The build options needed are -DLWS_WITH_JOSE=1
-DLWS_WITH_GENCRYPTO=1
.
Underlying JOSE primitives are exposed as apis, some JWT specific primitives and finally a JWT-via http cookie level creation apis each building on top of what was underneath.
The higher level APIs are provided additionally because they have the most opportunity for implementation pitfalls like not validating alg carefully, or not using the latest cookie security options; the provided APIs handle that centrally for you. If your needs vary from what the higher level apis are doing, you can cut-and-paste out those implementations and create your own using the public lower level apis.
Lws JWT uses mainly well-known fields
Field | Std | Meaning |
---|---|---|
iss | yes | Issuer, typically the domain like "warmcat.com" |
aud | yes | Audience, typically a url path like "https://warmcat.com/sai" |
iat | yes | Unix-time "Issued At" |
nbf | yes | Unix-time "Not Before" |
exp | yes | Unix-time "Expired" |
sub | yes | Subject, eg, a username or user email |
csrf | no | A random 16-char hex token generated with the JWT for use in links specific to the JWT bearer |
ext | no | Application-specific JSON sub-object with whatever fields you need, eg, "authorization": 1 |
Once JWTs are produced, they are autonomous bearer tokens, if they are not kept secret between the browser and the site, they will be accepted as evidence for having rights to the session from anyone.

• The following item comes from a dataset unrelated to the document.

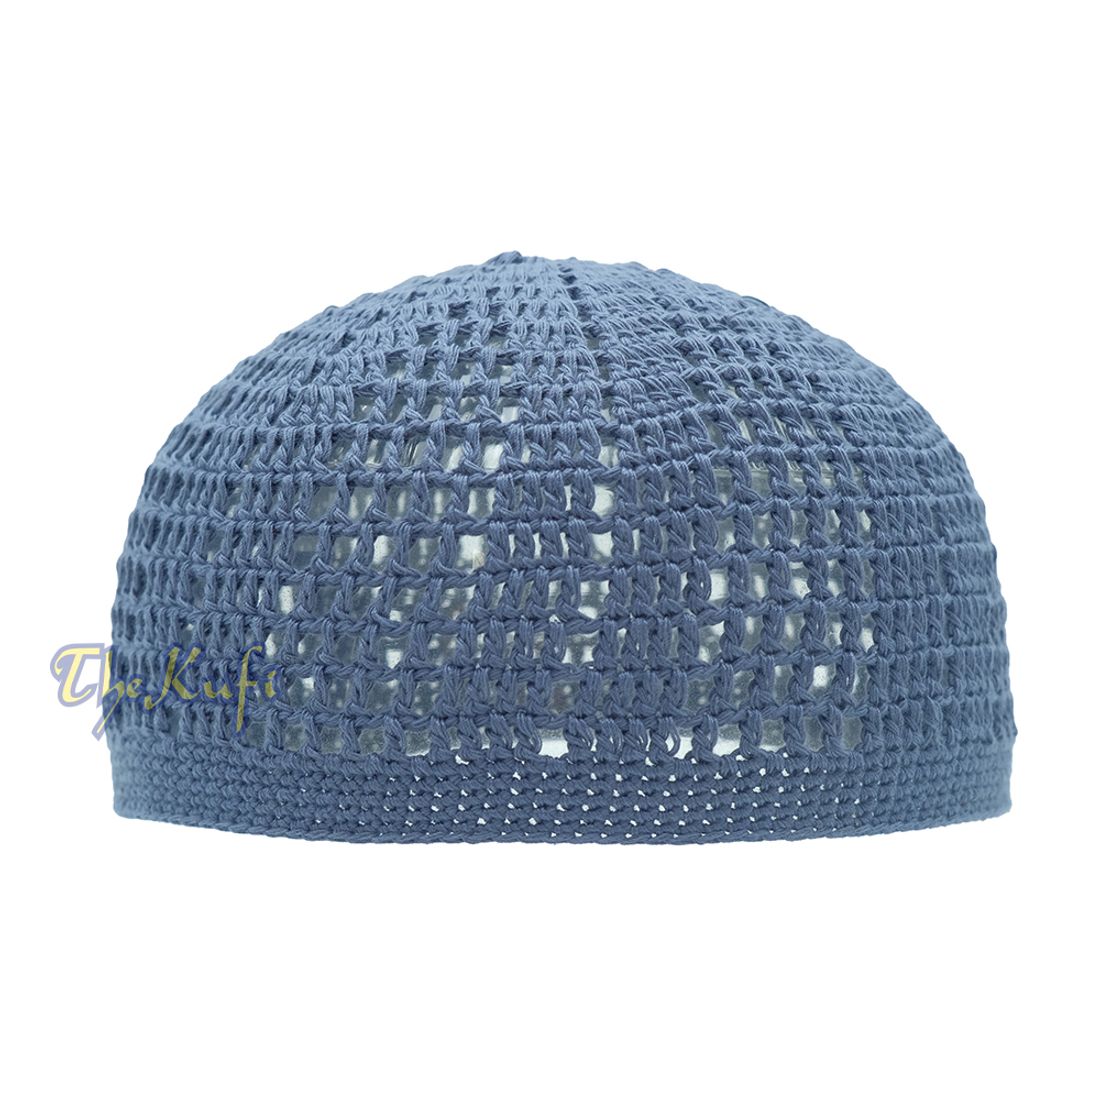 Cotton Pigeon Blue Tight & Loose Weave Design Crochet Knit Head Cover Kufi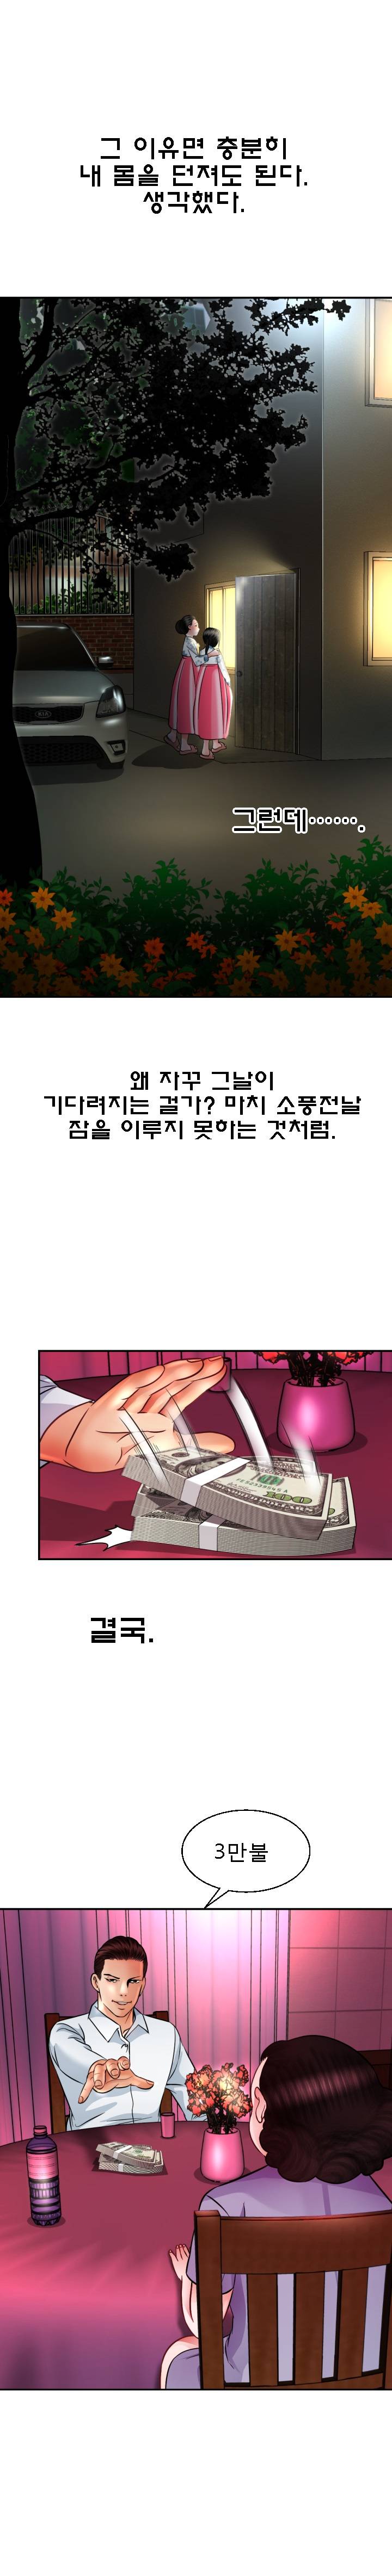 Restaurant Pyongyang Raw - Chapter 2 Page 21

Requiring https, and various other cookie hardening techniques make it more difficult for them to leak, but it is still necessary to strictly constrain the token's validity time, usually to a few tens of minutes or how long it takes a user to login and get stuff done on the site in one session.
Cross Site Request Forgery (CSRF) is a hacking scenario where an authorized user with a valid token is tricked into clicking on an external link that performs some action with side-effects on the site he has active auth on. For example, he has a cookie that's logged into his bank, and the link posts a form to the bank site transferring money to the attacker.
Lws JWT mitigates this possibility by putting a random secret in the generated JWT; when the authorized user presents his JWT to generate the page, generated links that require auth to perform their actions include the CSRF string from that user's current JWT.
When the user clicks those links intentionally, the CSRF string in the link matches the CSRF string in the currently valid JWT that was also provided to the server along with the click, and all is well.
An attacker does not know the random, ephemeral JWT CSRF secret to include in forged links, so the attacker-controlled action gets rejected at the server as having used an invalid link.
The checking and link manipulation need to be implemented in user code / JS... lws JWT provides the random CSRF secret in the JWT and makes it visible to the server when the incoming JWT is processed.
Many links or references on pages do not require CSRF strings, only those that perform actions with side-effects like deletion or money transfer should need protecting this way.
Due to CSRF mitigation, generated pages containing the protected links effectively have an expiry time linked to that of the JWT, since only the bearer of the JWT used to generate the links on the page can use them; once that expires actually nobody can use them and the page contents, which may anyway be showing content that only authenticated users can see must be invalidated and re-fetched. Even if the contents are visible without authentication, additional UI elements like delete buttons that should only be shown when authenticated will wrongly still be shown
For that reason, the client should be informed by the server along with the authentication status, the expiry time of it. The client should then by itself make arrangements to refresh the page when this time is passed, either showing an unauthenticated version of the same page if it exists, or by redirecting to the site homepage if showing any of the contents required authentication. The user can then log back in using his credientials typically stored in the browser's password store and receive a new short-term JWT with a new random csrf token along with a new page using the new csrf token in its links.
Once established as authorized, websocket links may be very long-lived and hold their authorization state at the server. Although the browser monitoring the JWT reloading the page on auth expiry should mitigate this, an attacker can choose to just not do that and have an immortally useful websocket link.
At least for actions on the long-lived connection, it should not only confirm the JWT authorized it but that the current time is still before the "exp" time in the JWT, this is made available as expiry_unix_time
in the args struct after successful validation.
Ideally the server should close long-lived connections according to their auth expiry time.
The related apis are in ./include/libwebsockets/lws-jws.h
Both the validation and signing apis use the same struct to contain their aguments.